▶ **EXERCISE AIM**:
Of the lines in the data below, write out exactly those from the one holding "Camp Counselor Resume" through the one holding "PHOTO: Paul Manafort, former", both included.

===== RECORDS PROVIDED

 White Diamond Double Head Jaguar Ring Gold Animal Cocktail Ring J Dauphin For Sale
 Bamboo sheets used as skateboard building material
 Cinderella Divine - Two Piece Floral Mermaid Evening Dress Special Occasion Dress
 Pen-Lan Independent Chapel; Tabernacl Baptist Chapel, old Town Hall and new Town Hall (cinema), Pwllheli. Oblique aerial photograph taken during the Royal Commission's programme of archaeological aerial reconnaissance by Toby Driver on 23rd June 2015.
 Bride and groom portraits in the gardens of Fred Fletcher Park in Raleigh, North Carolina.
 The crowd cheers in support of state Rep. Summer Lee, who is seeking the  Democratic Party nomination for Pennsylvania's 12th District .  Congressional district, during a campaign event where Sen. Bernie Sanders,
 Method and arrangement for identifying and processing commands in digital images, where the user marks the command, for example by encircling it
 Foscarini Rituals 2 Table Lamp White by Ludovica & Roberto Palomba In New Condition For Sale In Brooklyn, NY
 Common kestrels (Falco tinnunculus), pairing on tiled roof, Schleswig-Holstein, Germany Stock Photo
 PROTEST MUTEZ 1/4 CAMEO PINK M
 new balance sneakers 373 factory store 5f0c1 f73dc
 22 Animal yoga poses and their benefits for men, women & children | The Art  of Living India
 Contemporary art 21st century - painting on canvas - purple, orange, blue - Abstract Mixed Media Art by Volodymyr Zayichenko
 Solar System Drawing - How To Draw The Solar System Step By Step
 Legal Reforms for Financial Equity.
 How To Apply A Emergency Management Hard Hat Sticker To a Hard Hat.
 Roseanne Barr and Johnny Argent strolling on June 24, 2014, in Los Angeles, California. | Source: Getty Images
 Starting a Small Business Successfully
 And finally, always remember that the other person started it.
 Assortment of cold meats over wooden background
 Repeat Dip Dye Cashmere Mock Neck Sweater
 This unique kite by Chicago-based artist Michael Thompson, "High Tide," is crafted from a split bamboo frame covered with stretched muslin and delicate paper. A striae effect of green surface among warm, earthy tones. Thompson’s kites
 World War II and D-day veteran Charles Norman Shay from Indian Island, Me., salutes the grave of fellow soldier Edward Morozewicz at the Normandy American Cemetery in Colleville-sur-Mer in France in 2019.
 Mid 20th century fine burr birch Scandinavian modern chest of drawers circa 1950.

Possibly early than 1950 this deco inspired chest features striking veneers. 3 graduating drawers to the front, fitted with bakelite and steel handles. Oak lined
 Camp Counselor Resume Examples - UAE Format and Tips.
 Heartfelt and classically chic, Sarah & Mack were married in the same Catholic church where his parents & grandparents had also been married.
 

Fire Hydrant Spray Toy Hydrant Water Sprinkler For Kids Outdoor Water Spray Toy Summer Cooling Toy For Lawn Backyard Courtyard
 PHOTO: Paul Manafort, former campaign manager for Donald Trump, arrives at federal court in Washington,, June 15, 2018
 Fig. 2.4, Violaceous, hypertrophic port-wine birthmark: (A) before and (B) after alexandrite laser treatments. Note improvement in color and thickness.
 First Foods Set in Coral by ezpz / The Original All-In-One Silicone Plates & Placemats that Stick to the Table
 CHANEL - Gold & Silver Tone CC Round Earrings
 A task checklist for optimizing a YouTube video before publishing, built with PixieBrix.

==========

▶ **RESULT**:
 Camp Counselor Resume Examples - UAE Format and Tips.
 Heartfelt and classically chic, Sarah & Mack were married in the same Catholic church where his parents & grandparents had also been married.
 

Fire Hydrant Spray Toy Hydrant Water Sprinkler For Kids Outdoor Water Spray Toy Summer Cooling Toy For Lawn Backyard Courtyard
 PHOTO: Paul Manafort, former campaign manager for Donald Trump, arrives at federal court in Washington,, June 15, 2018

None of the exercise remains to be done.